SOURCE MATERIAL.
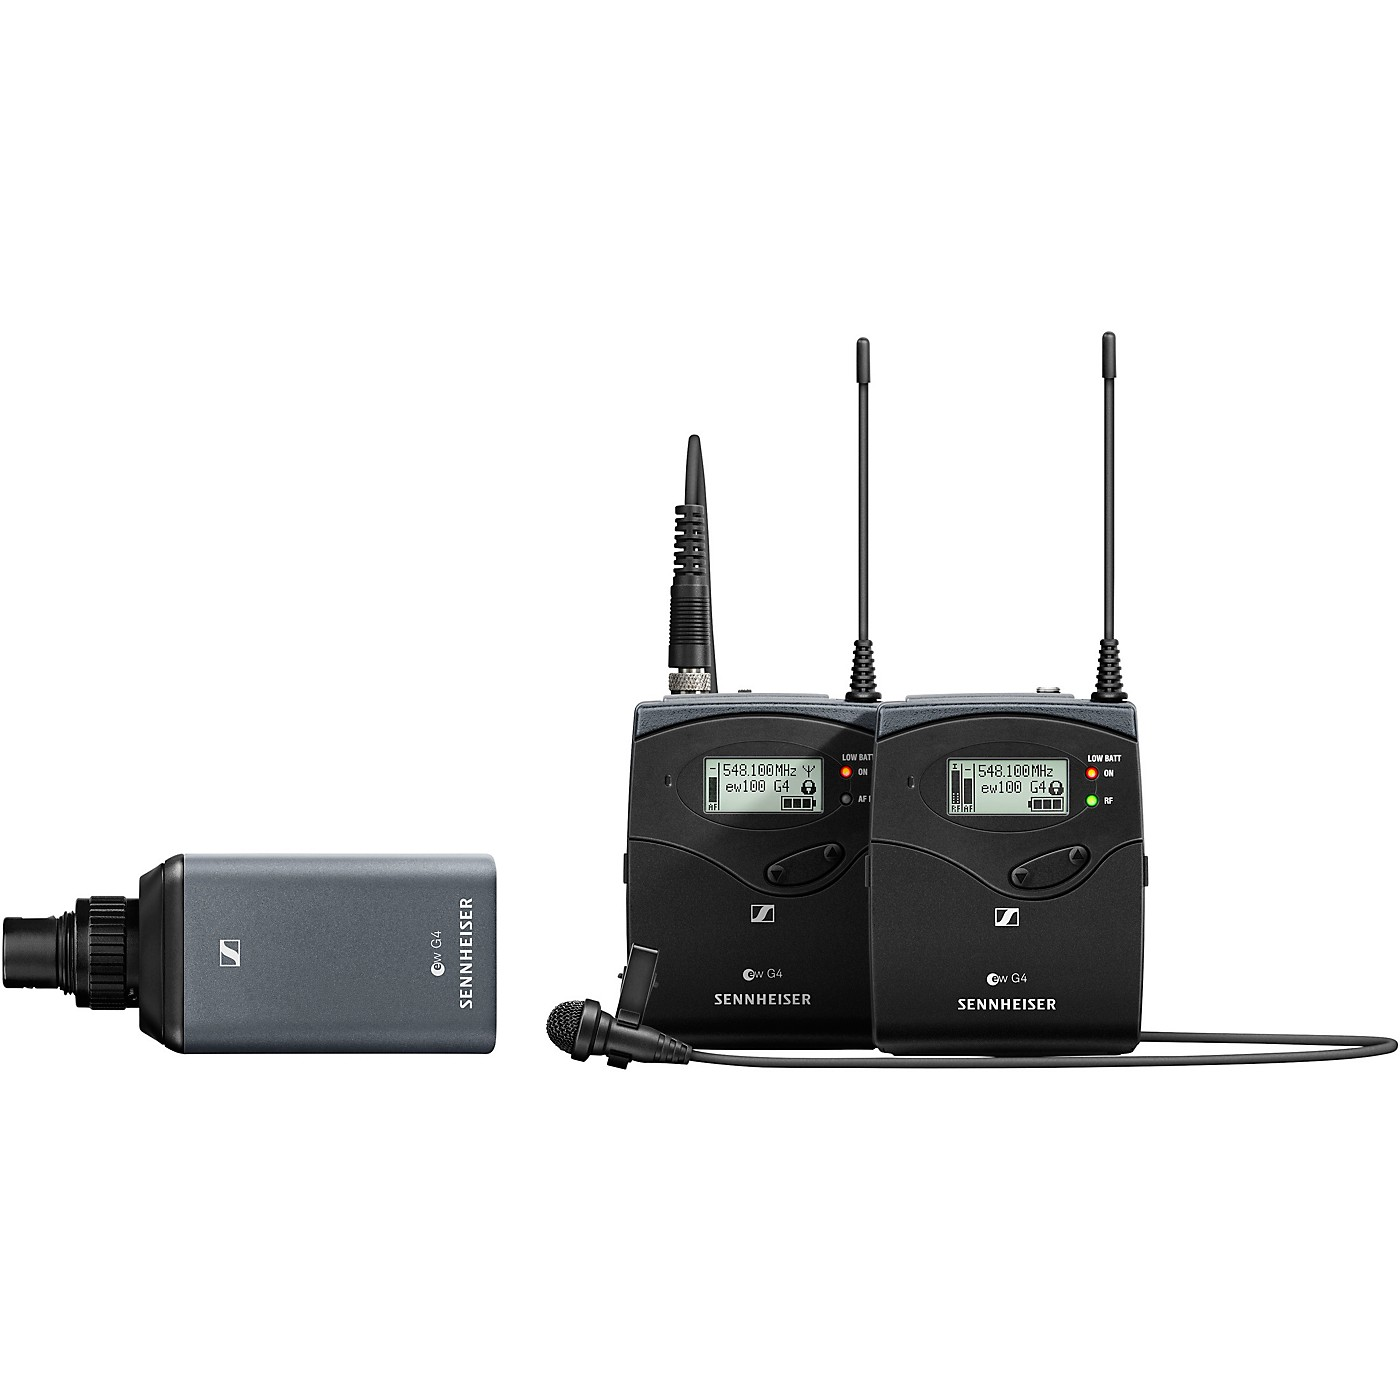 Sennheiser ew 100 ENG G4 Portable Wireless Combo Set thumbnail
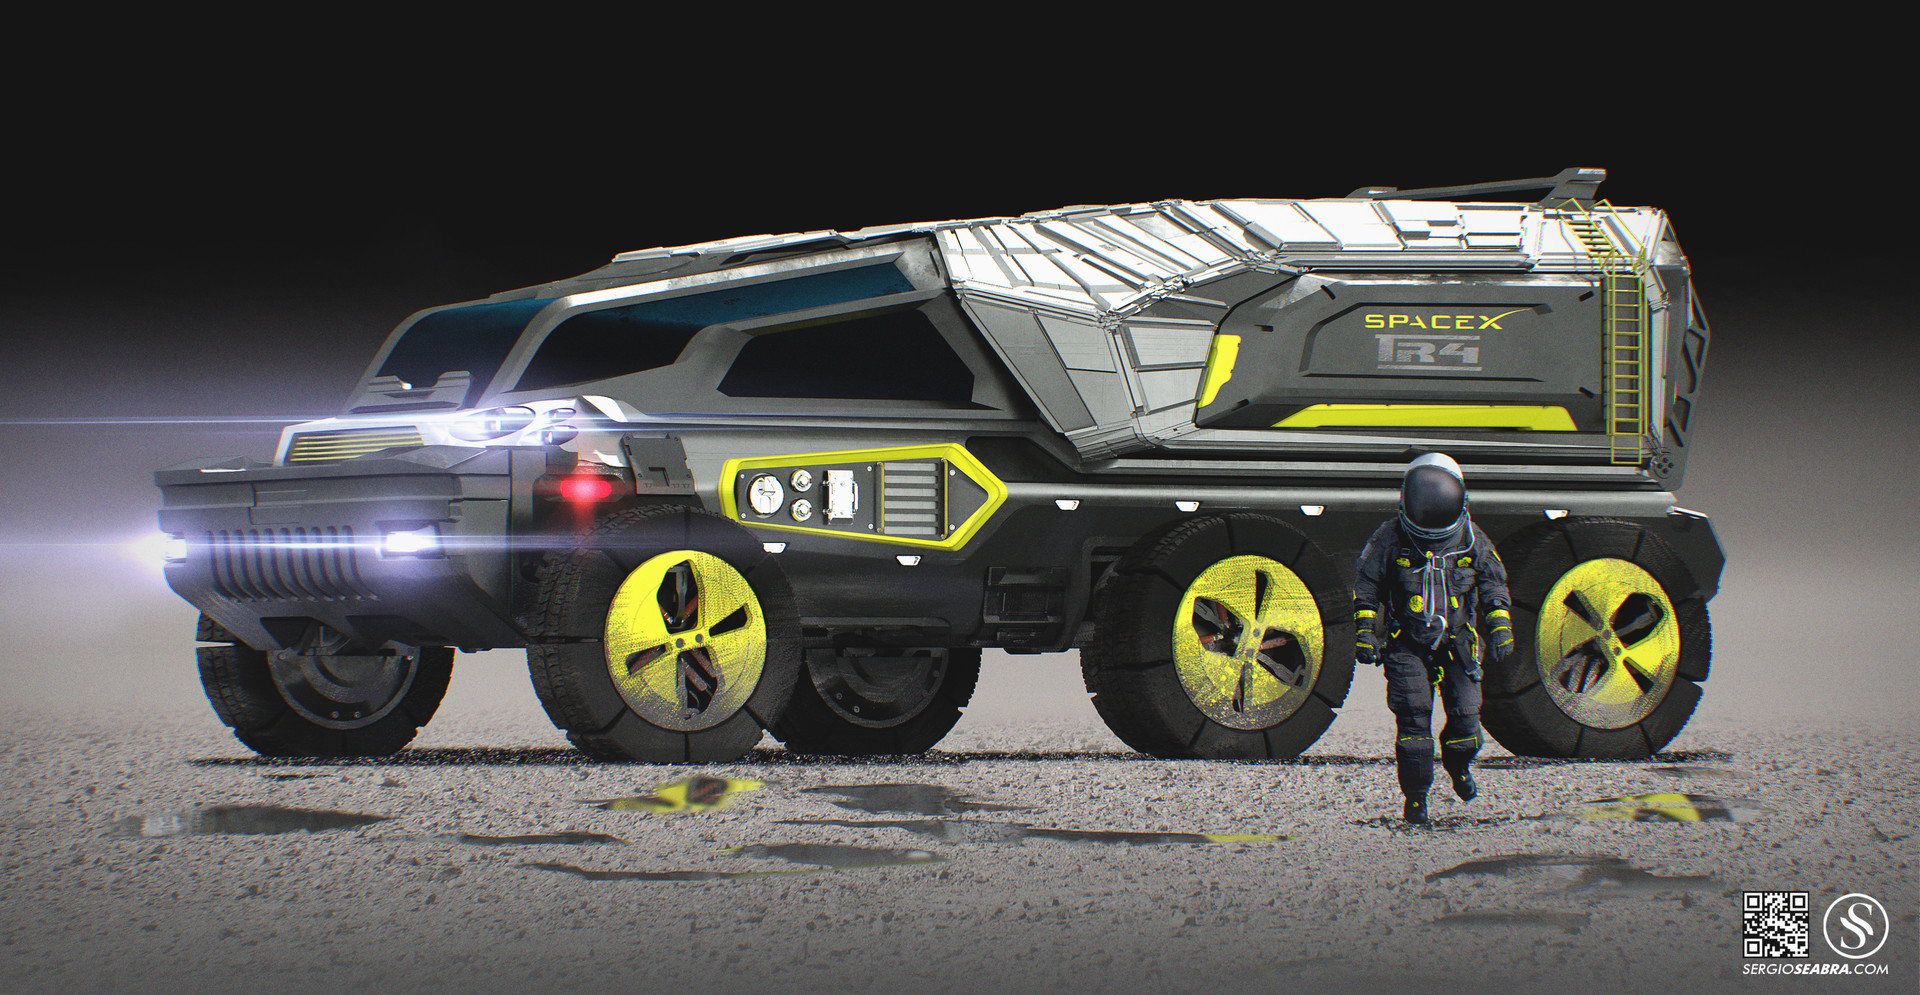 Sergio seabra 201810 veh mars rover layout1b ss
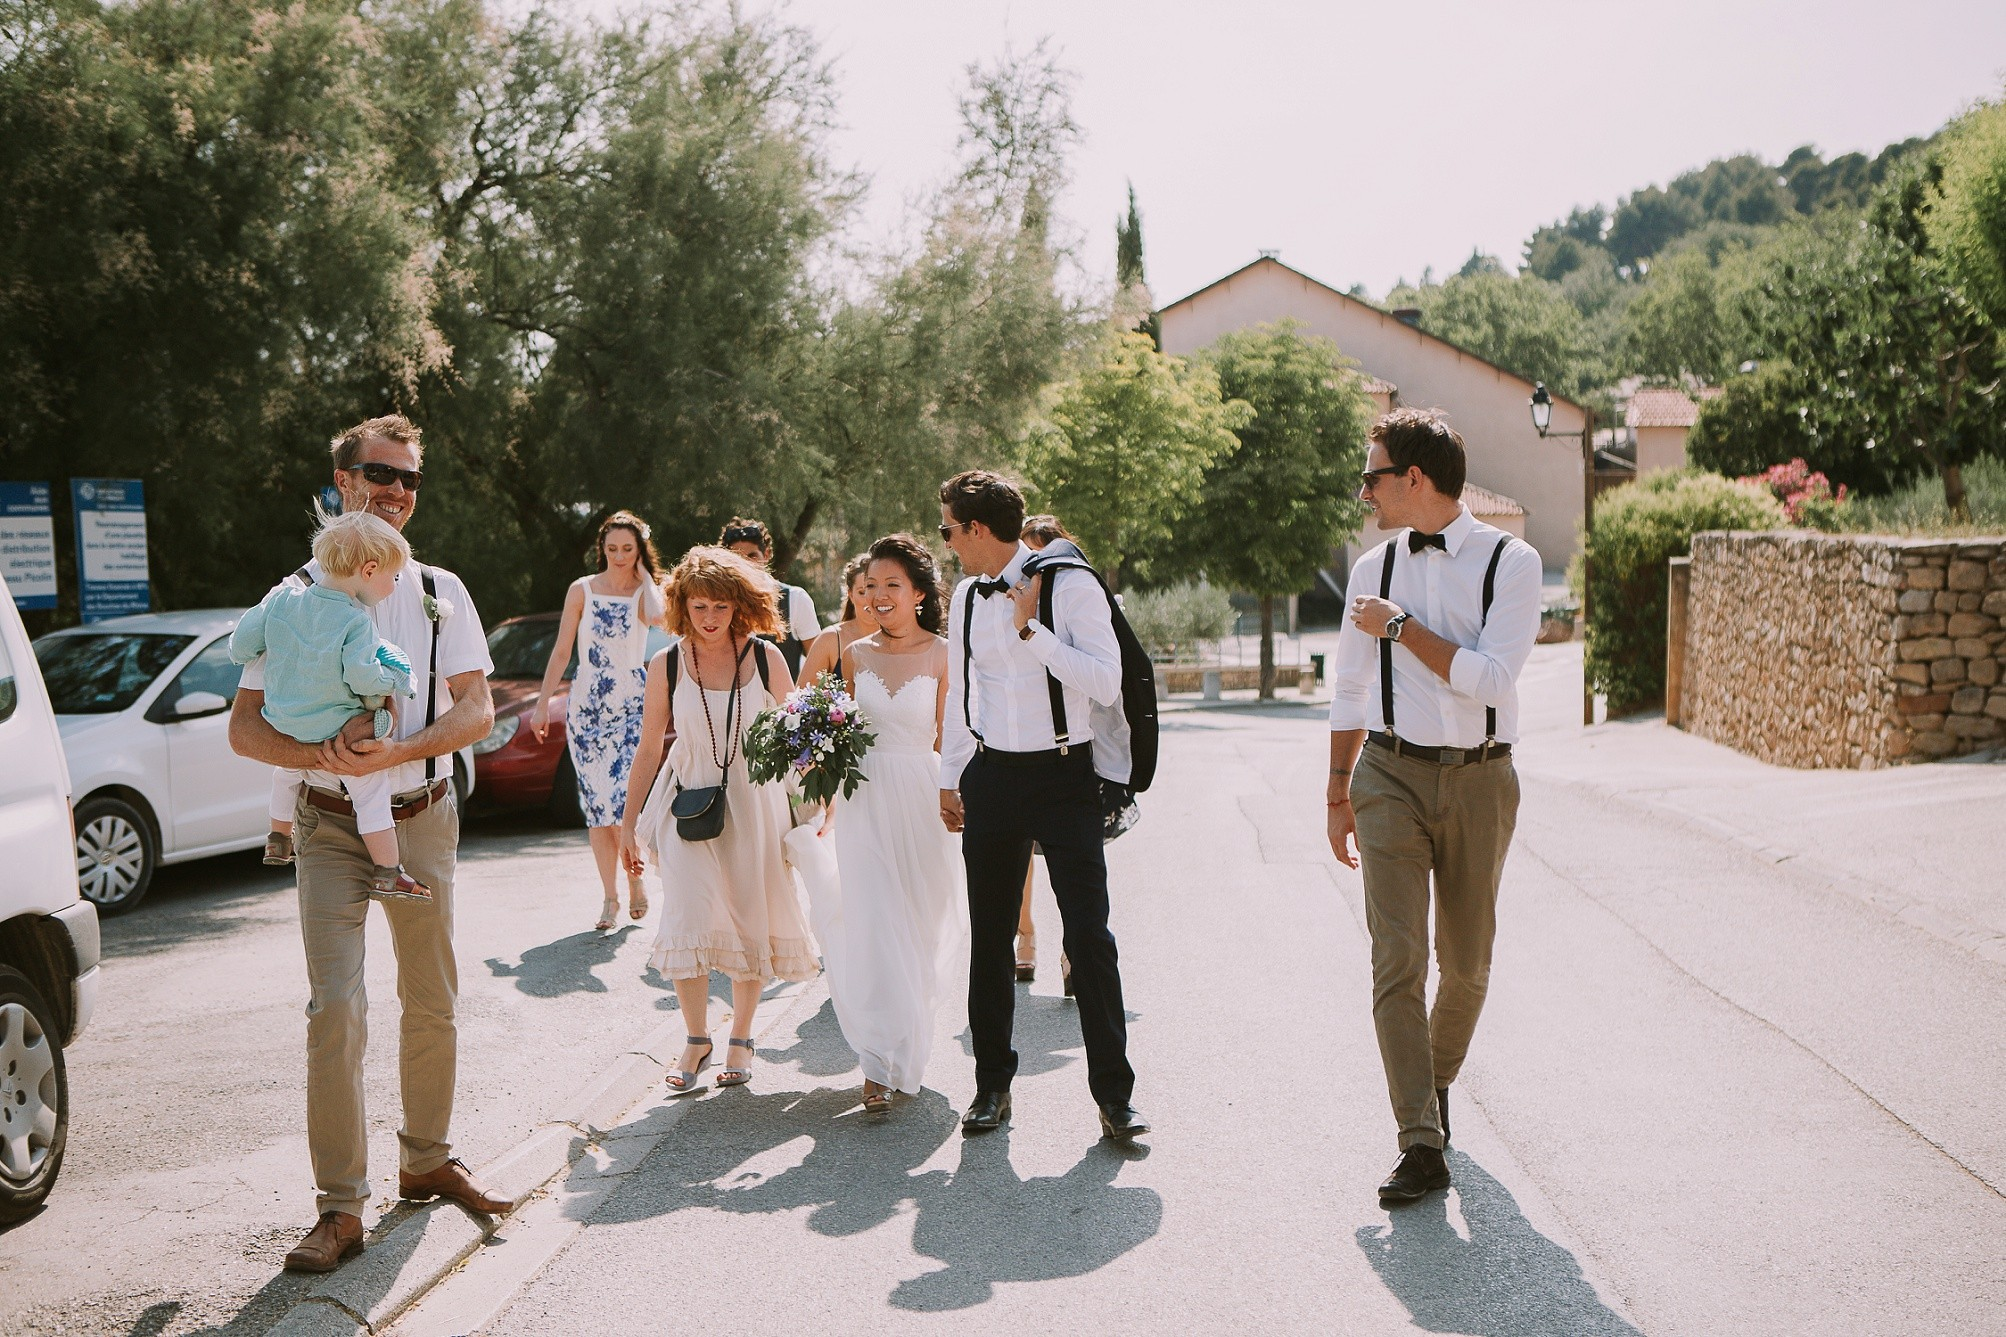 katerynaphotos-mariage-photographe-puyloubier-provence-aix-en-provence-sud-de-la-france_0369.jpg

WORK ORDER. Return the listing exactly as it appears, excluding any image.

RESPONSE.
 Sennheiser ew 100 ENG G4 Portable Wireless Combo Set thumbnail
 Sergio seabra 201810 veh mars rover layout1b ss
 katerynaphotos-mariage-photographe-puyloubier-provence-aix-en-provence-sud-de-la-france_0369.jpg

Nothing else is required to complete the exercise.